The Impact of State Medical Marijuana Laws
Karen O’Keefe, Esq.,
Director of State Policies, Marijuana Policy Project
Mitch Earleywine, Ph.D.,
Professor of Psychology, University at Albany, State University of New York
With assistance to this version or the original report from: Dan Riffle, Kate Zawidzki, and Bruce Mirken
First Version Released: September 7, 2005
Last Updated: June 2011
The debate over medical marijuana laws has included extensive discussion of whether such laws “send the wrong message to young people” and increase teen marijuana use. This is an updated version of the first report that analyzed all available data to determine the trends in teen marijuana use in states that have passed medical marijuana laws.

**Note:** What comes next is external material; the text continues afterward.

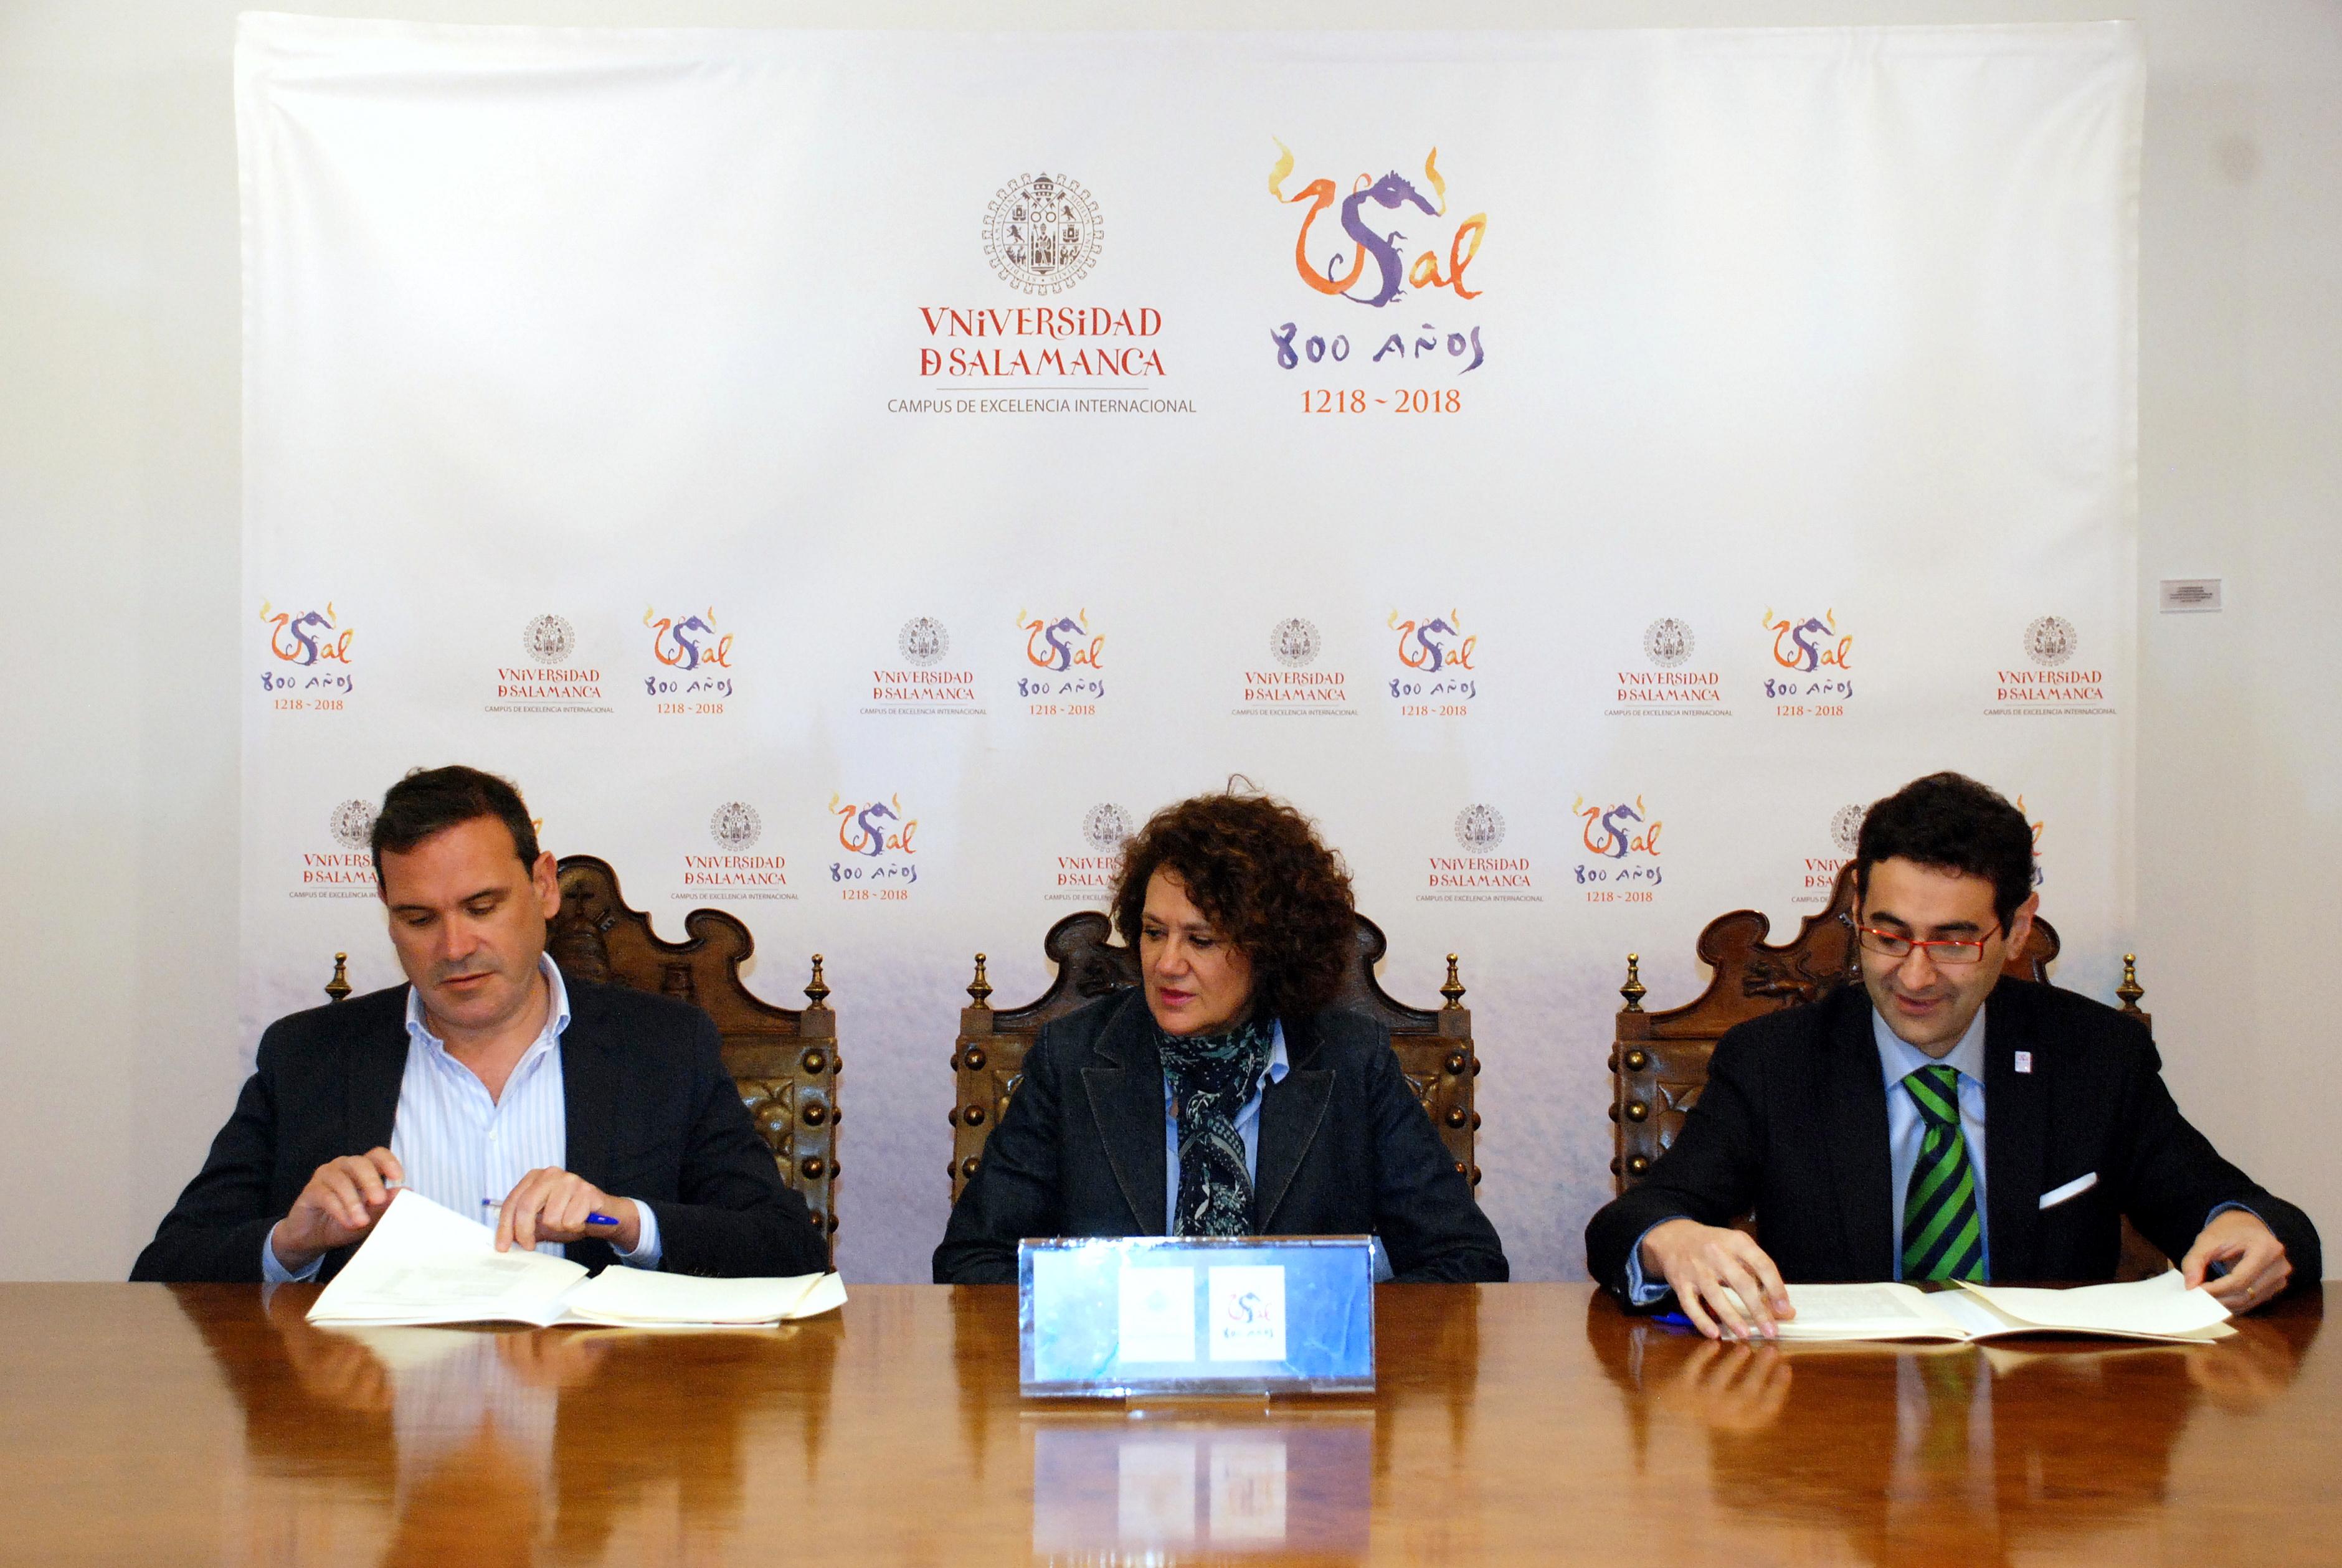 La Universidad de Salamanca acuerda la apertura de una nueva sede de sus Escuelas de Lengua Española en Varsovia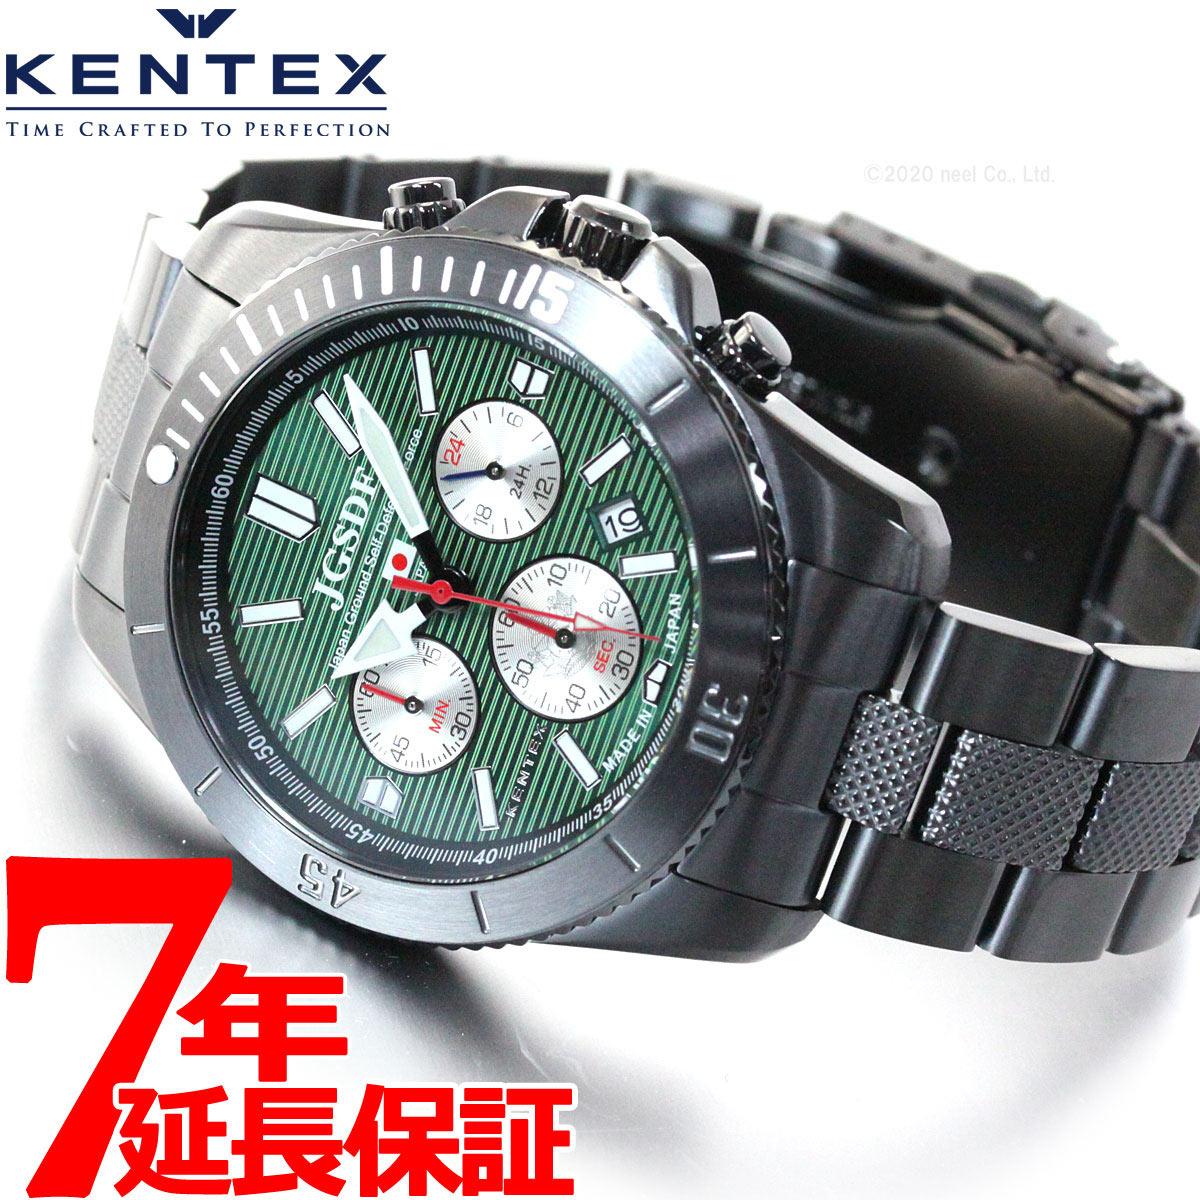 【1000円OFFクーポン!12月21日1時59分まで!】ケンテックス KENTEX 腕時計 メンズ JSDF PRO 陸上自衛隊 プロフェッショナルモデル クロノグラフ S690M-01

Nearly 15 years after the passage of the nation’s first state medical marijuana law, California’s Prop. 215, a considerable body of data shows that teens’ marijuana use has generally gone down following the passage of medical marijuana laws. Of the 13 states with effective medical marijuana laws with before-and-after data on teen marijuana use, only the two with the most recently enacted laws (Michigan and New Mexico) have indicated possible increases, both of which are modest and within confidence intervals. In Rhode Island, the data indicate teens’ lifetime marijuana may have slightly decreased while current use may have slightly increased, but those changes are also within confidence intervals. The 10 remaining states have all reported overall decreases — some of which are also within confidence intervals and some of which are significant. Generally, no state with an overall change outside of the confidence intervals saw an increase in teens’ marijuana use, strongly suggesting that enactment of state medical marijuana laws does not increase teen marijuana use.